● **EXERCISE BRIEF**
Reproduce word for word the lines between those holding "Afghan Proverb Quote" and "Christian Louboutin Pigalle", inclusive, and nothing else from the data below.

**** SOURCE RECORDS

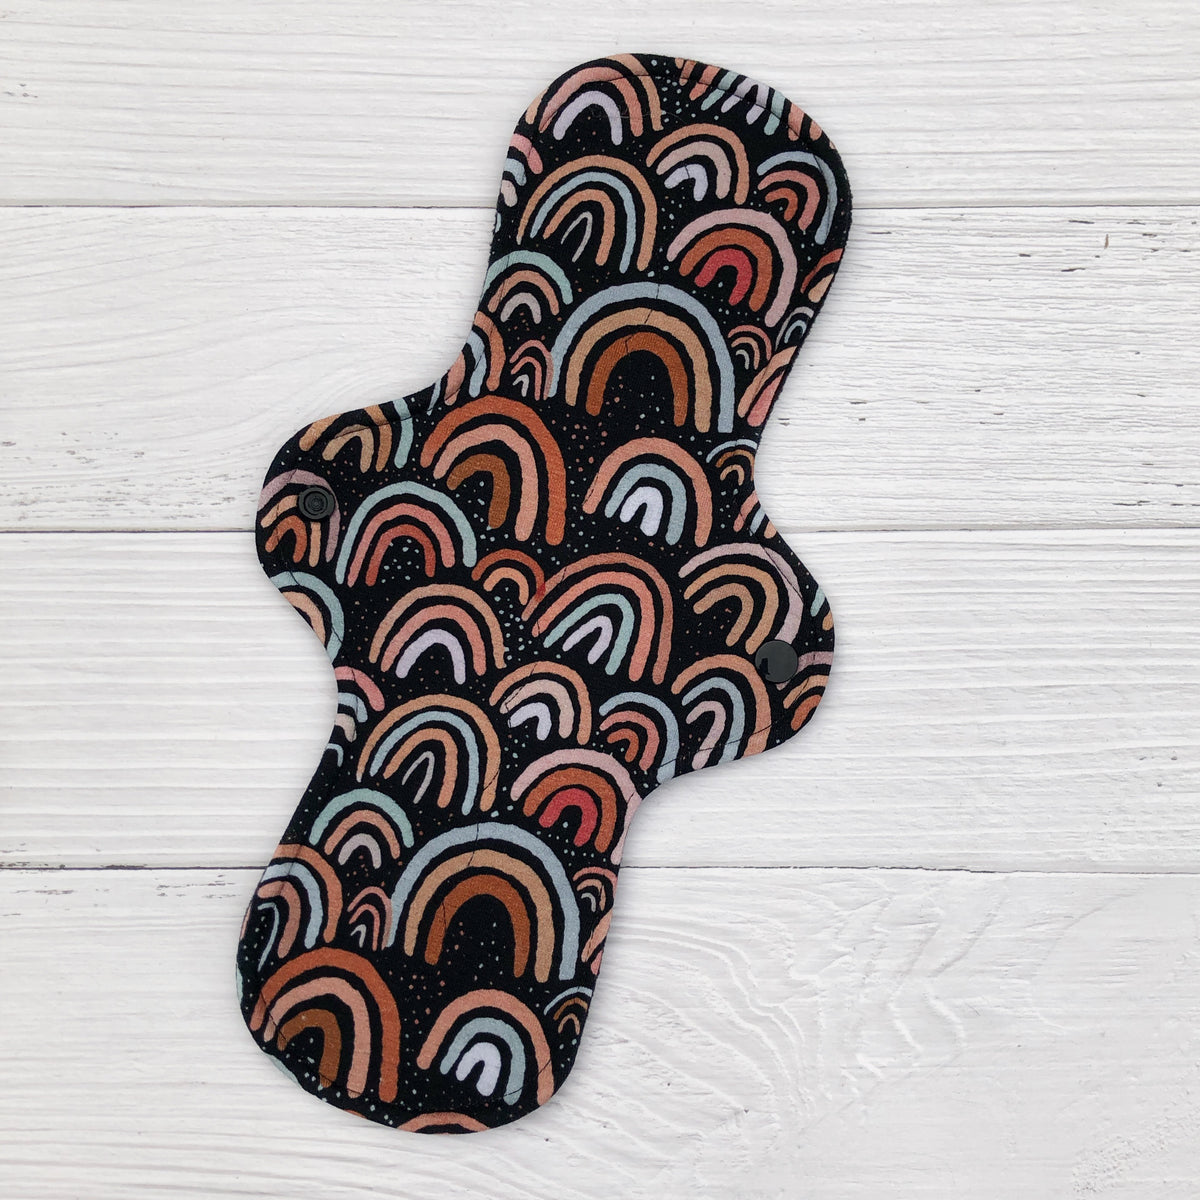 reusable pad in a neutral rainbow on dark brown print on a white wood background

********
**** SOURCE RECORDS

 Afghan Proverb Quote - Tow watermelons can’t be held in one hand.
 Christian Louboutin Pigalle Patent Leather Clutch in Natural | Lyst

********

● **RESULT**
 Afghan Proverb Quote - Tow watermelons can’t be held in one hand.
 Christian Louboutin Pigalle Patent Leather Clutch in Natural | Lyst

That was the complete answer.